Insgesamt ist laut unserer Zahnärztin Annette zu sagen, dass die Zähne der Kinder in den Ballungsräumen und Städten weitaus besser versorgt und von weniger großen Kariesdefekten befallen sind, als - aufgrund der Erfahrungen auf der Isla del Sol - wir zuvor angenommen hatten.

Nach den Tagen in Santa Cruz stand die Weiterreise nach Sucre an, die wir drei Studentinnen mit dem Nachtbus über 14 Stunden Fahrtzeit wagten, Reinhold und Annette bevorzugten einen Inlandsflug. In Sucre stand für uns eine Akklimatisationszeit an, in der wir uns an die Höhe des Landes gewöhnen wollten. In der wunderschönen Kolonialstadt erlebten wir auch den einige bolivianische Feste mit, die mit vielen Straßenumzügen laut und bunt über mehrere Tage gefeiert wurde. Auch eine Wanderung auf einen der benachbarten Berge stand an und es wurden die ersten Souvenirs, von Einheimischen hergestellt, gekauft.

Nun trennte sich unsere Gruppe für die nächste Woche, denn wir wollten neben zahnmedizinischen natürlich auch kulturelle Erfahrungen sammeln und Land und Leute kennen lernen. So ging es für uns, Annabella, Annika und Laura, mit dem Bus in die Minenstadt Potosi, in der wir eine Tour durch den für die Region so bedeutenden Berg „Cerro Rico“ machten. Beeindruckt von der Arbeit der Minenarbeiter und vor allem der Arbeitsbedingungen, die an den Tagebau zur Zeit in Europa vor 100 Jahren erinnerten, ging es weiter nach Uyuni, Ausgangspunkt für eine mehrtägige Jeep-Tour durch den Salar de Uyuni. In einer kleinen Gruppe führte uns ein Guide mit dem 4x4-Jeep durch die Salzwüste. Vorbei an einem Eisenbahnfriedhof ging es stundenlang über die Salzpiste bis zu einer Kakteeninsel. Natürlich durfte die für diese ebene Landschaft bekannten Fotos - springend oder gejagt von Tyrannosaurus Rex - nicht fehlen. Unsere letzten Stopps waren dann noch das Salzhotel, eine Abbauregion für das Salz und ein Vulkan. Die erste Nacht verbrachten wir dann bei Minusgraden in einem Hostel, von dort sollte es am nächsten Tag um 5 Uhr weiter gehen. Im Sonnenaufgang erreichten wir die Eisenbahnlinie von Peru nach Bolivien und näherten uns nun langsam der Andenregion, wo wir die wunderschönen Lagunen mit den Andenflamingos sahen. Auch die zweite Nacht war kurz und kalt, deshalb freuten wir uns umso mehr, als wir am dritten und letzten Tag nach Geysiren auf 5000 m Höhe „hot springs“ erreichten und uns bei über 40 Grad warmen Wasser erst einmal aufwärmen durften. Unseren nächsten Stopp machten wir an der chilenischen Grenze, wo sich ein Teil unserer Gruppe in die Atacamawüste verabschiedete. Für uns stand dann die lange Rückfahrt nach Uyuni an, von dort aus nahmen wir den Nachtbus nach La Paz.

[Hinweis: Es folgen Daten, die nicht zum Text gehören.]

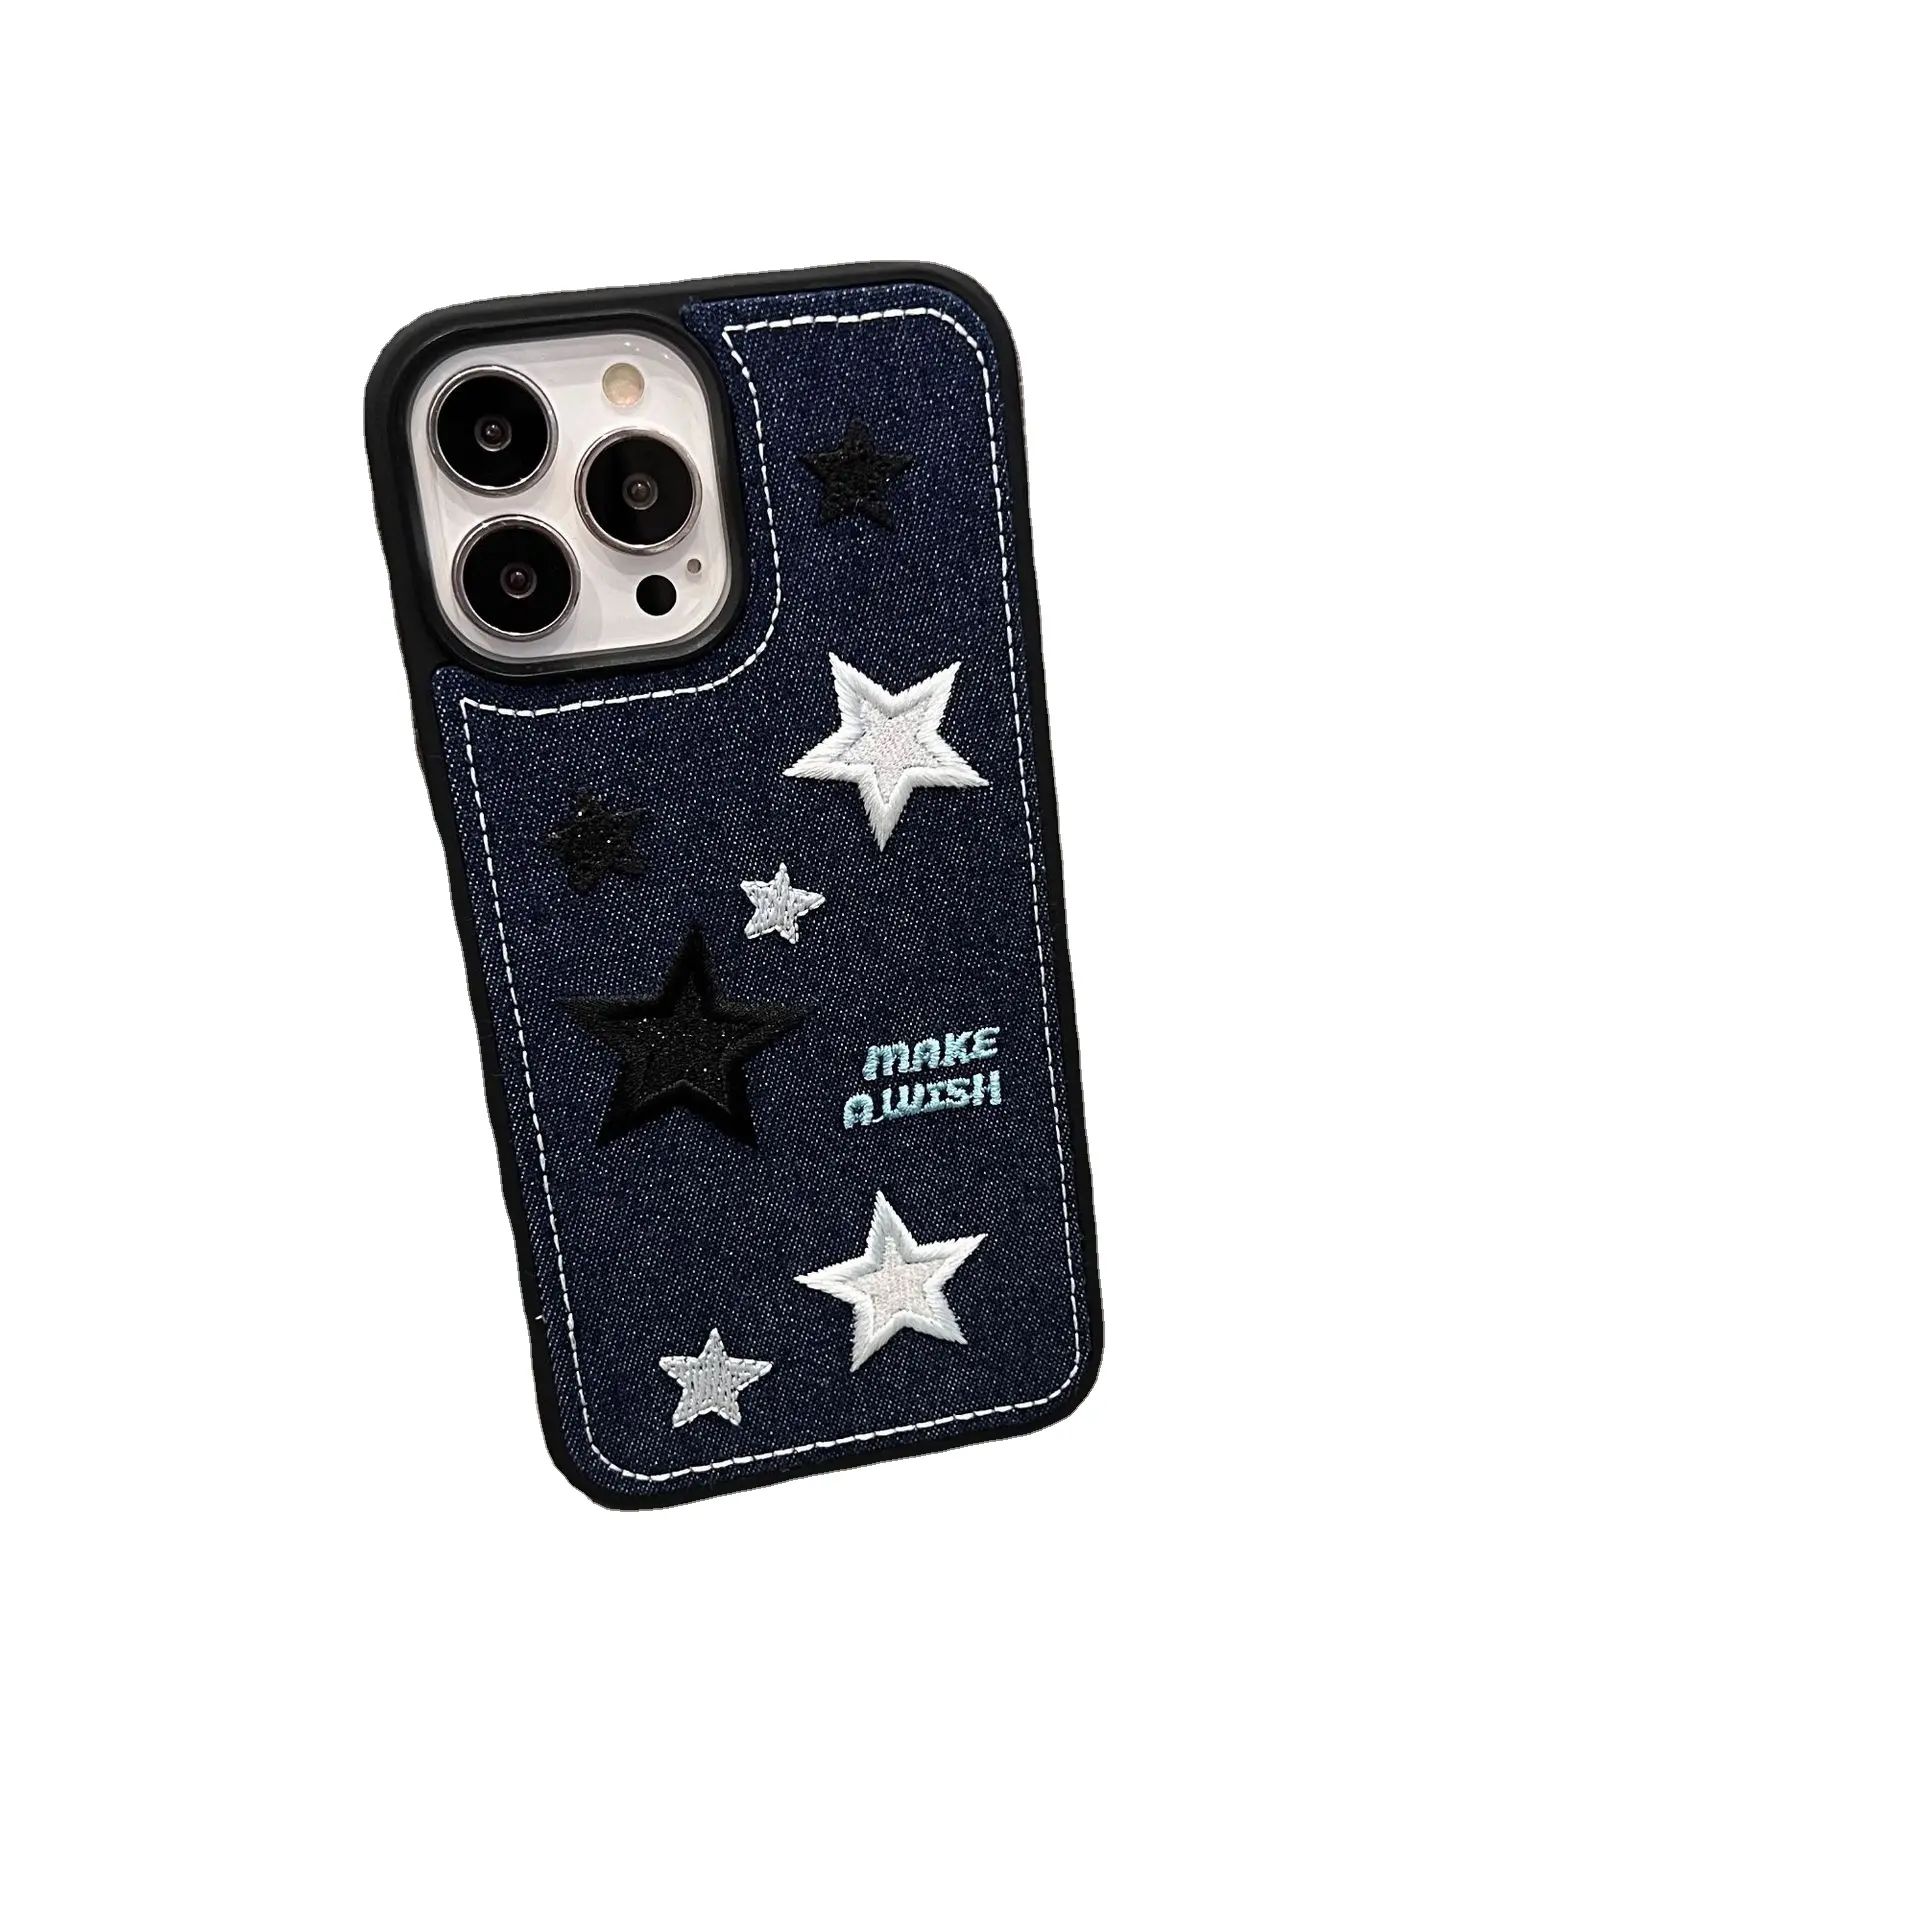 Luxury Simple Jeans Embroidery Pattern Cute Star & Letters With Black Edge Protection Mobile Phone Cases For Iphone 14 13 promax
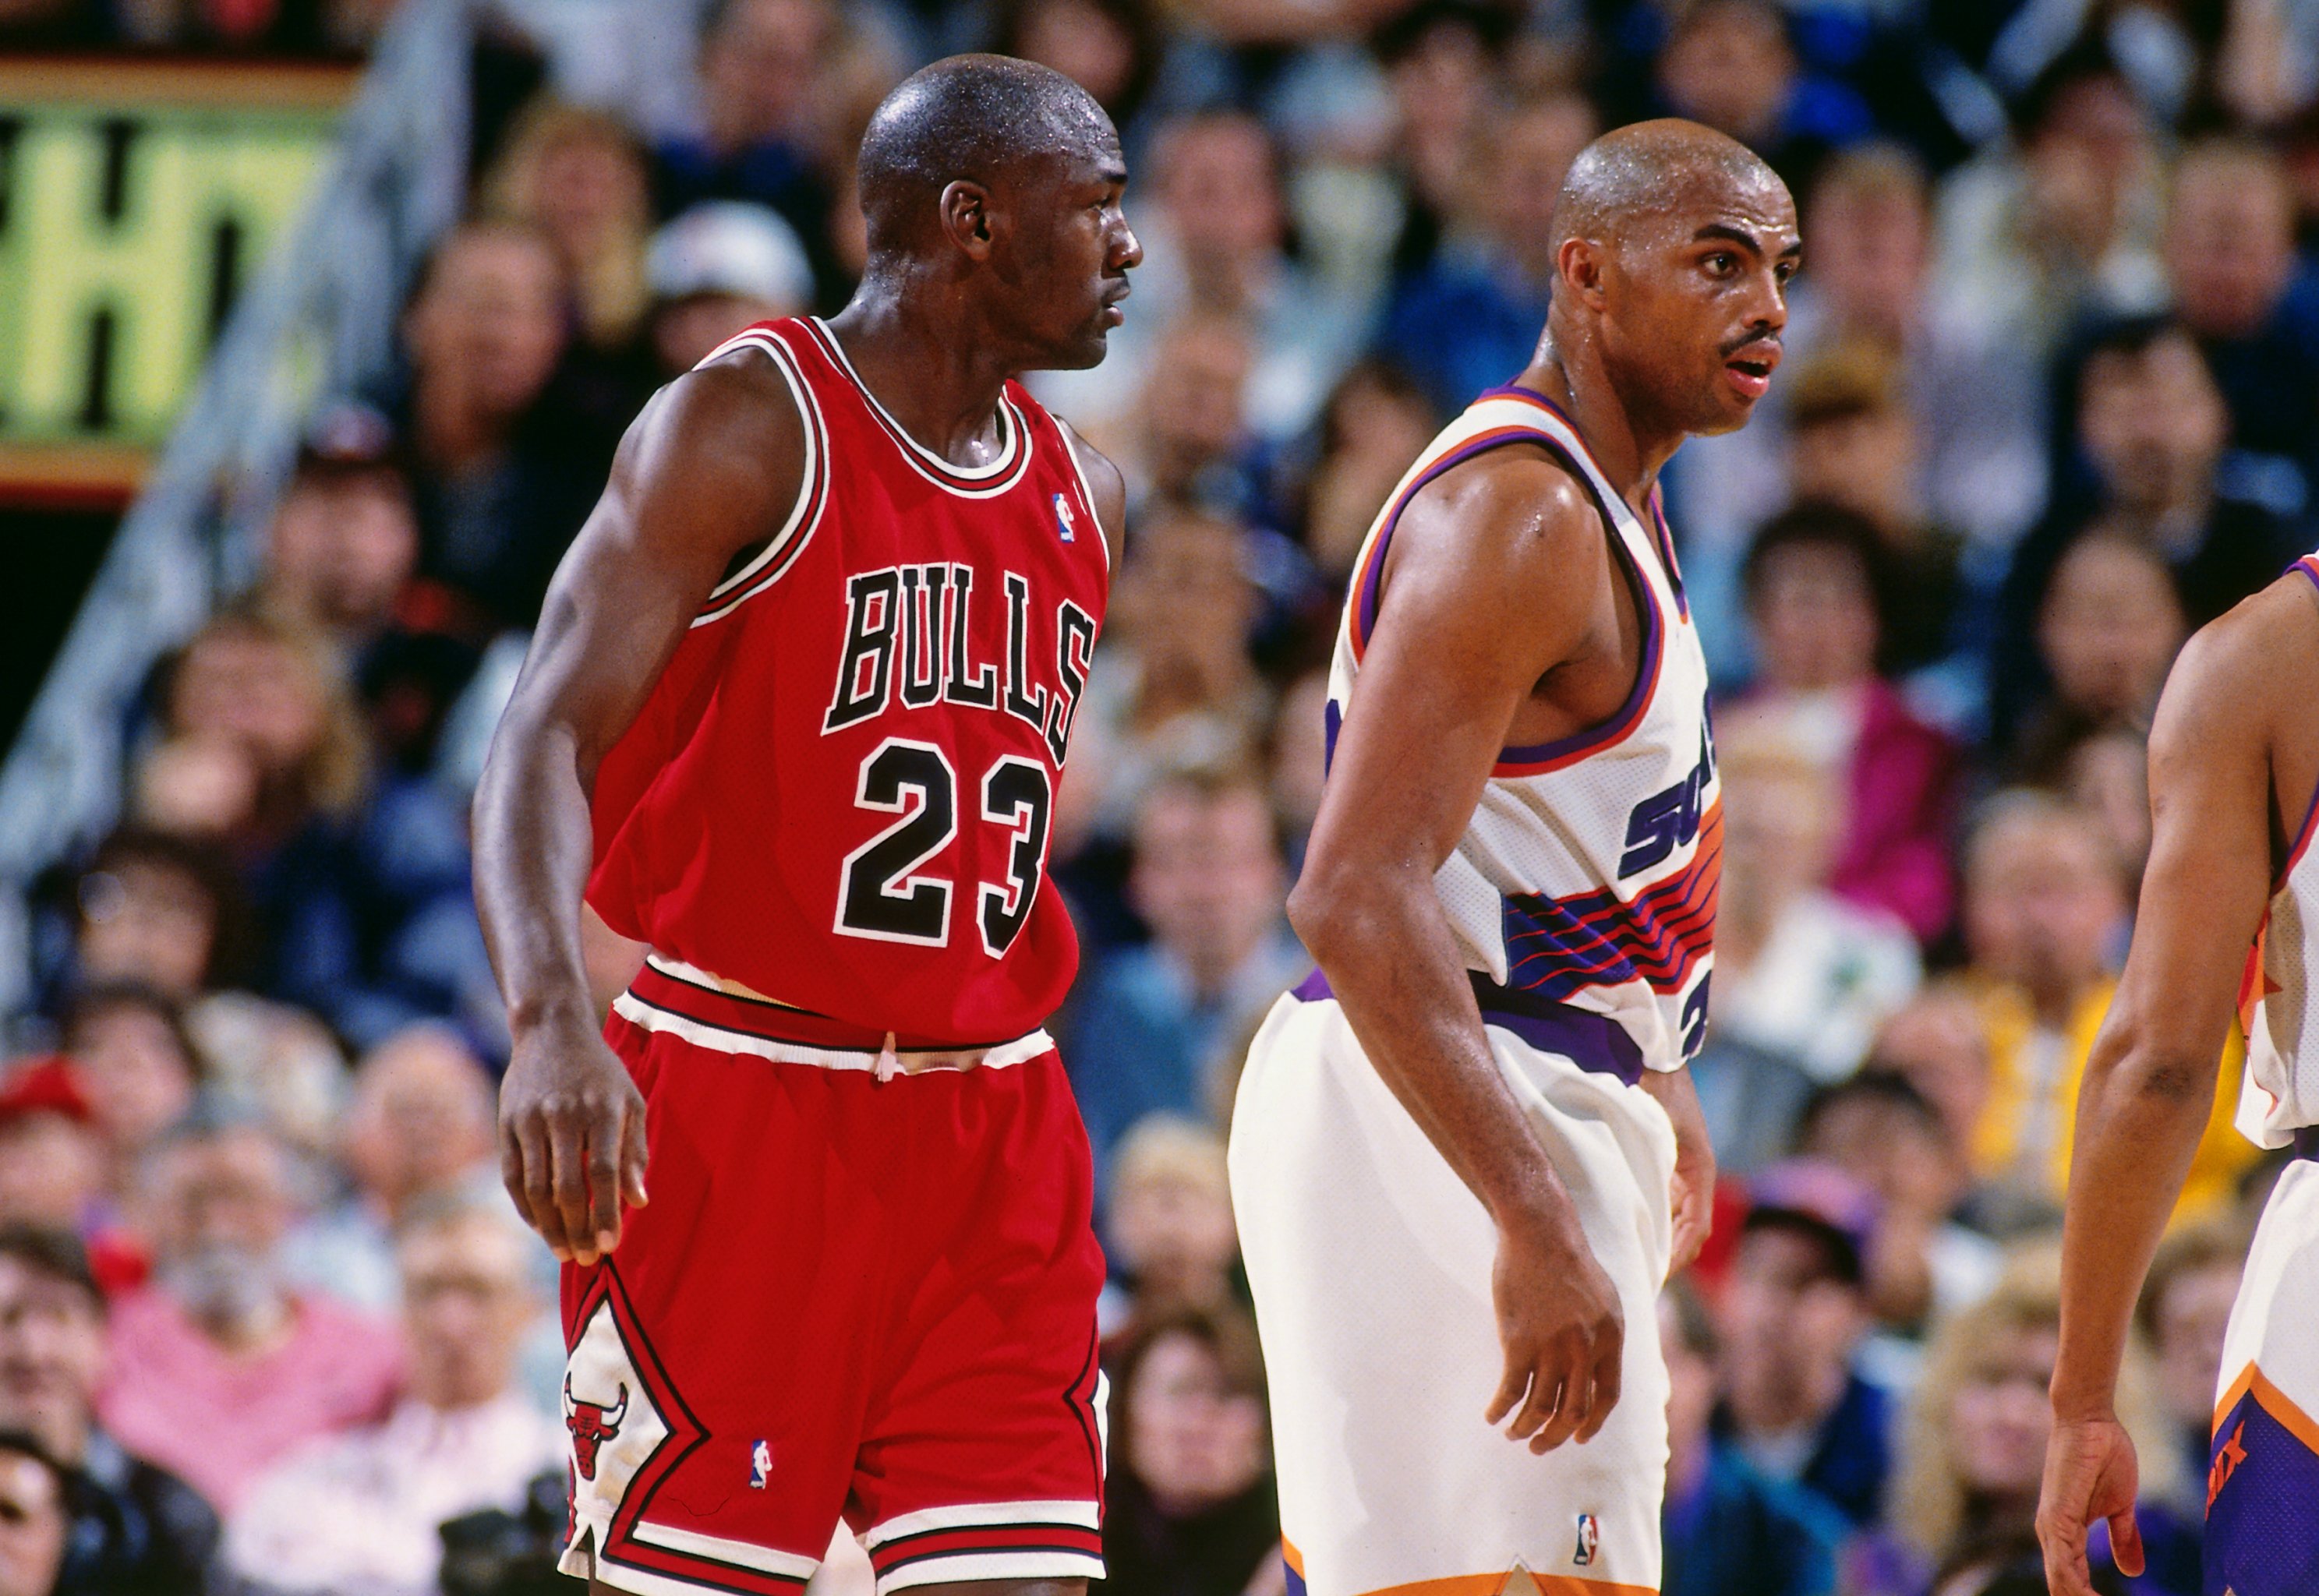 On this day in 1993, Michael Jordan dropped 64 points on Shaq and

In höchst gelegenen Regierungssitz der Welt angekommen, wurden wir erst einmal von Schneefall begrüßt. Auf der einen Seite bei dem mit 4100 m Höhe gelegenen El Alto nicht verwunderlich, auf der anderen Seite hätten wir im beginnenden Frühling und nach den kalten Tagen im Salar milde Temperaturen ersehnt.
In den nächsten Tagen würden wir glücklicherweise Besserung erwarten. Im Hostel angekommen, war unsere Gruppe wieder vollständig und wir traten am nächsten Tag zusammen die „Death Road Tour“ an. Vom Pass „El Cumbre“ auf 5000m Höhe ging es in einer Gruppe, ausgestattet mit Schutzkleidung und Helm, 33 km und gute 3000 m Höhe hinab in die tropischen „Yungas“. Leider brach sich Reinhold bei einem Sturz das Schlüsselbein, sodass wir unsere Abfahrt nach Copacabana wegen seines Krankenhausaufenthaltes um wenige Tage verlängern mussten.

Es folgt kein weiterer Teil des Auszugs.